Monday, April 16, 2018

Tropicana Entertainment: Deal with GLPI & ERI, Merger Arb

This won't be actionable for some readers, but Tropicana Entertainment (TPCA, 84% owned by IEP) announced a deal today where Gaming & Leisure Properties (GLPI) will purchase the real estate and Eldorado Resorts (ERI) the gaming operations for a combined total of ~$1.85B, subject to adjustments.  One of those adjustments relates to Tropicana's Aruba property which needs to be sold or spun-off prior to the closing.
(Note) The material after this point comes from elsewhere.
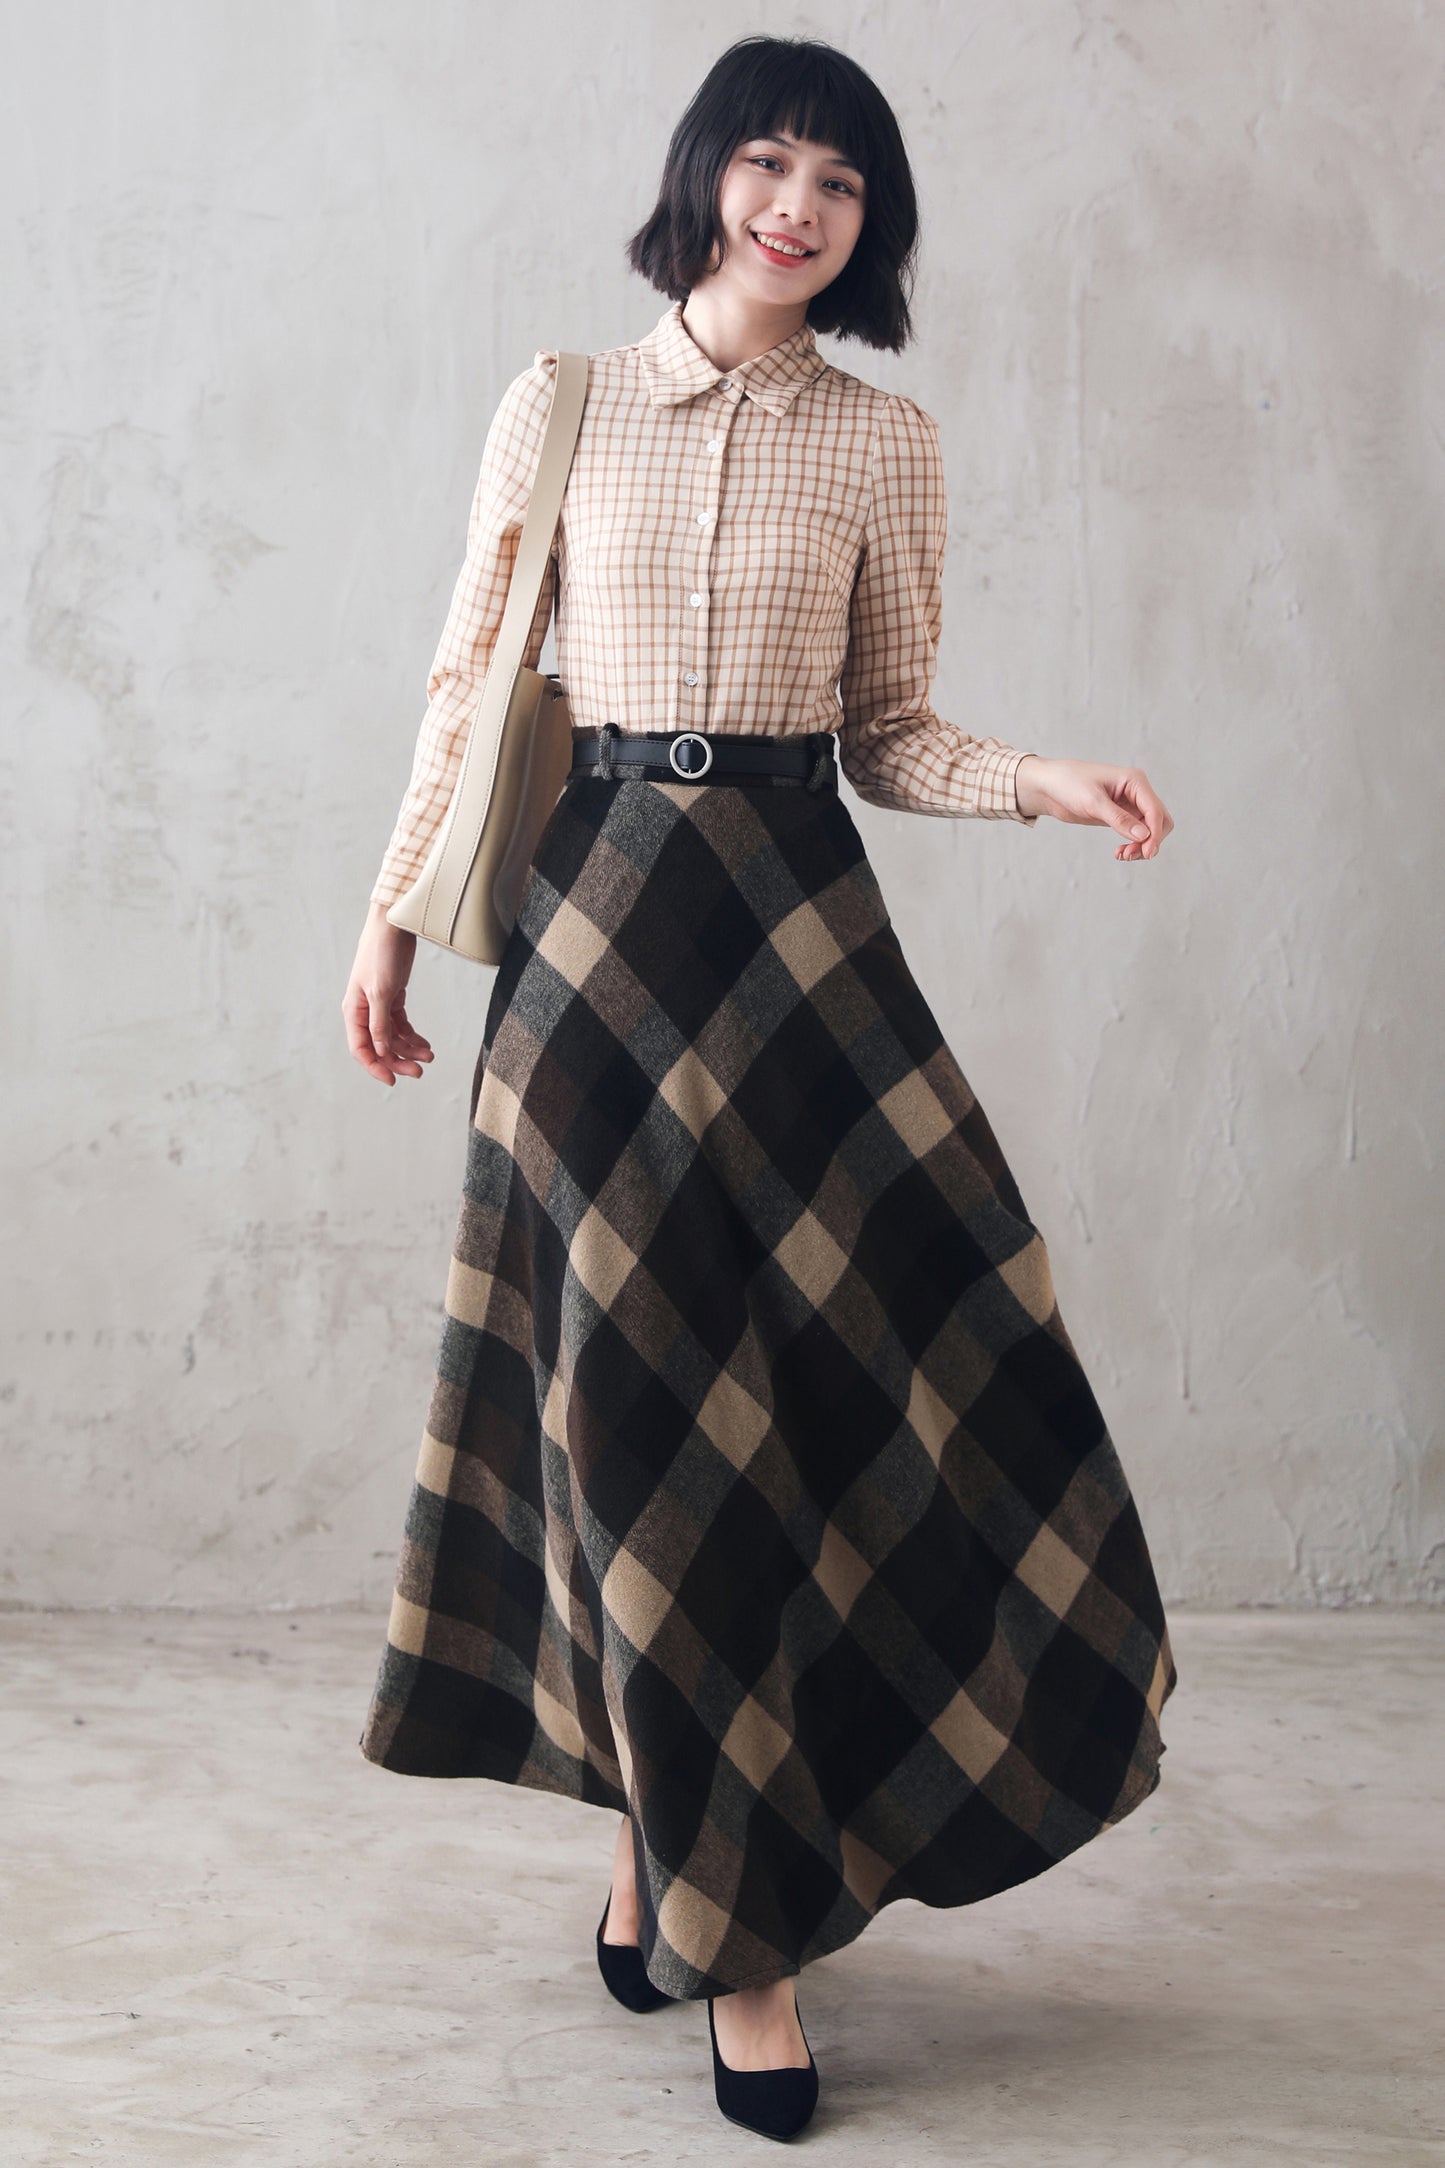 Women's Long Tartan Plaid Wool Maxi Skirt 3108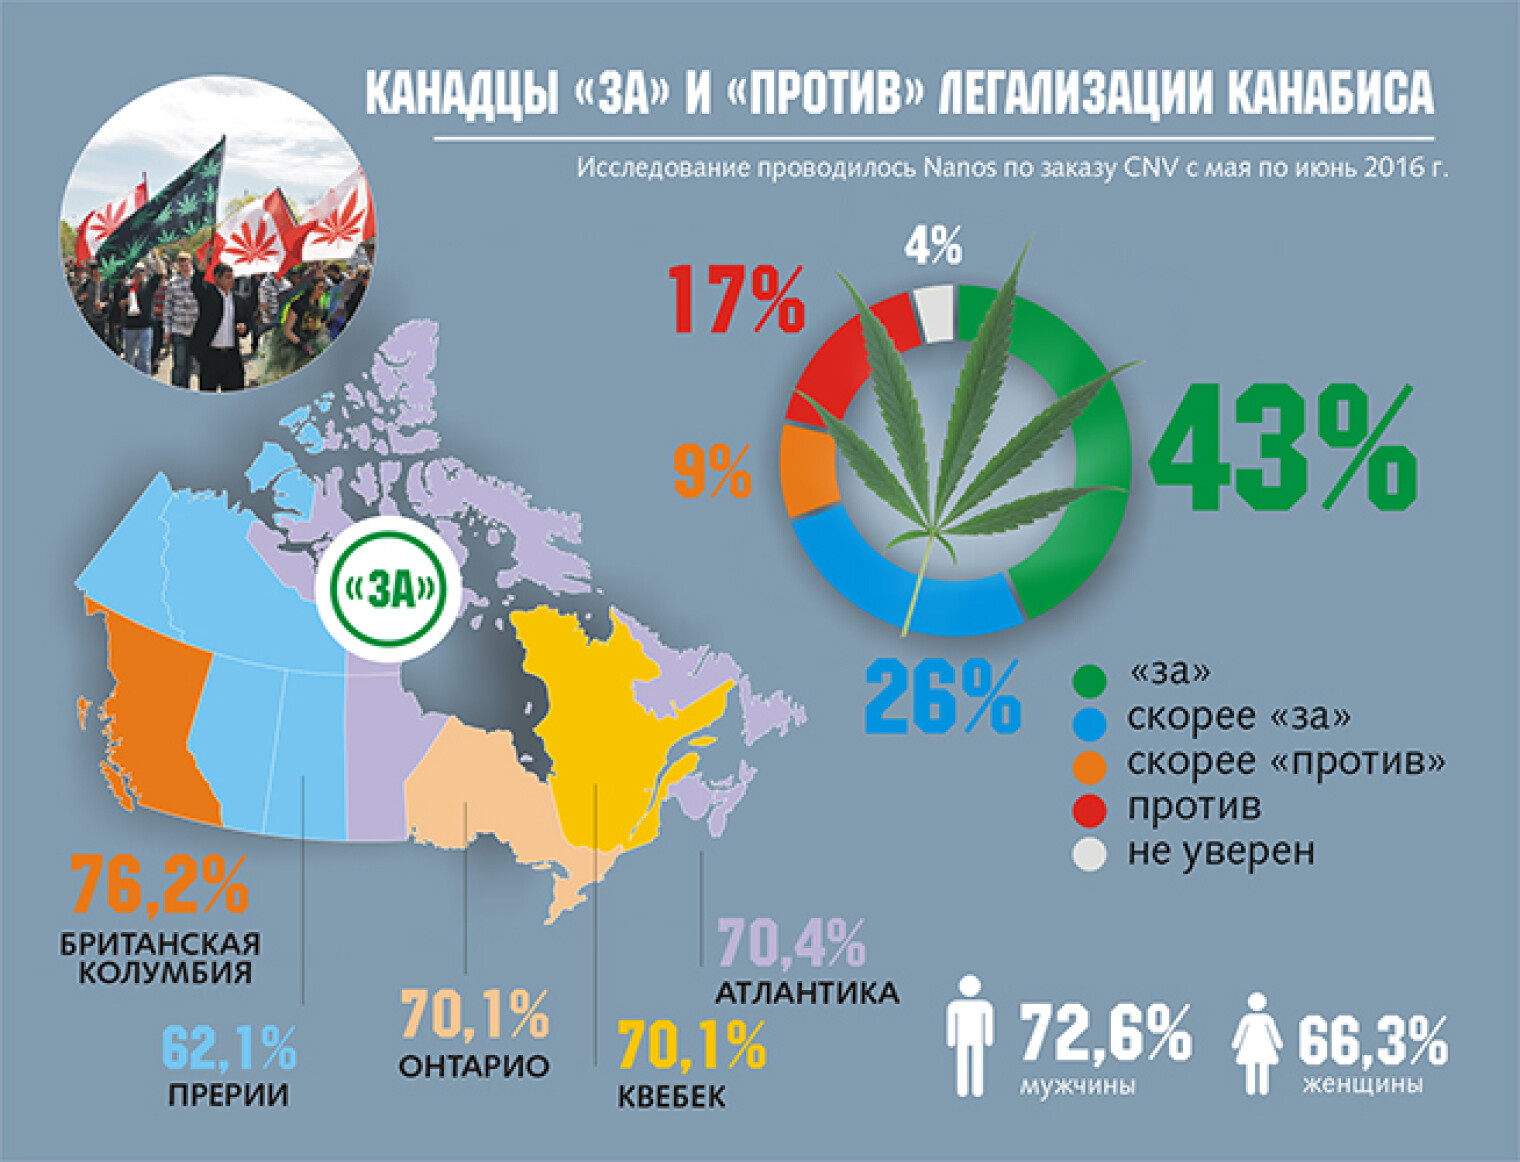 будет ли в россии легализация марихуаны

So here you have a controlled company, with an illiquid stock, entering into a complicated deal with two parties and an uncertain final cash amount all leading to a potentially attractive merger arbitrage spread.  If the headline number is correct, using the current share count of 23.8 million shares, gets you to $77.61 per share versus under $70 today.  Unpacking that number is a little more complicated, from the 8-K today:

(a)                                 $640 million, which reflects the consideration paid by Parent in respect of the Merger;

(b)                                 plus $1.21 billion, which reflects the Real Estate Purchase Price received by the Company;

(c)                                  plus the amount of net proceeds received by the Company in connection with the distribution, transfer or disposition of its Aruba Operations;

(d)                                 minus the Real Estate Purchase Tax Amount (as defined in the Merger Agreement); 

(e)                                  minus 50% of the Estimated State Income Tax Amount (as defined in the Merger Agreement), which Estimated State Tax Amount is limited to a maximum of $38 million;

(f)                                   minus the excess, if any, of the Estimated State Income Tax Amount over $38 million;

(g)                                  divided by 23,834,512, which reflects the aggregate number of shares of Common Stock that are issued and outstanding.

Without taking into consideration any net proceeds associated with the distribution, transfer or disposition of the Aruba Operations which is reflected in clause (c) above, the Company has estimated that the aggregate merger consideration, as adjusted to take into account the amounts set forth in clauses (d)(e) and (f) above, will be approximately $1.77 billion.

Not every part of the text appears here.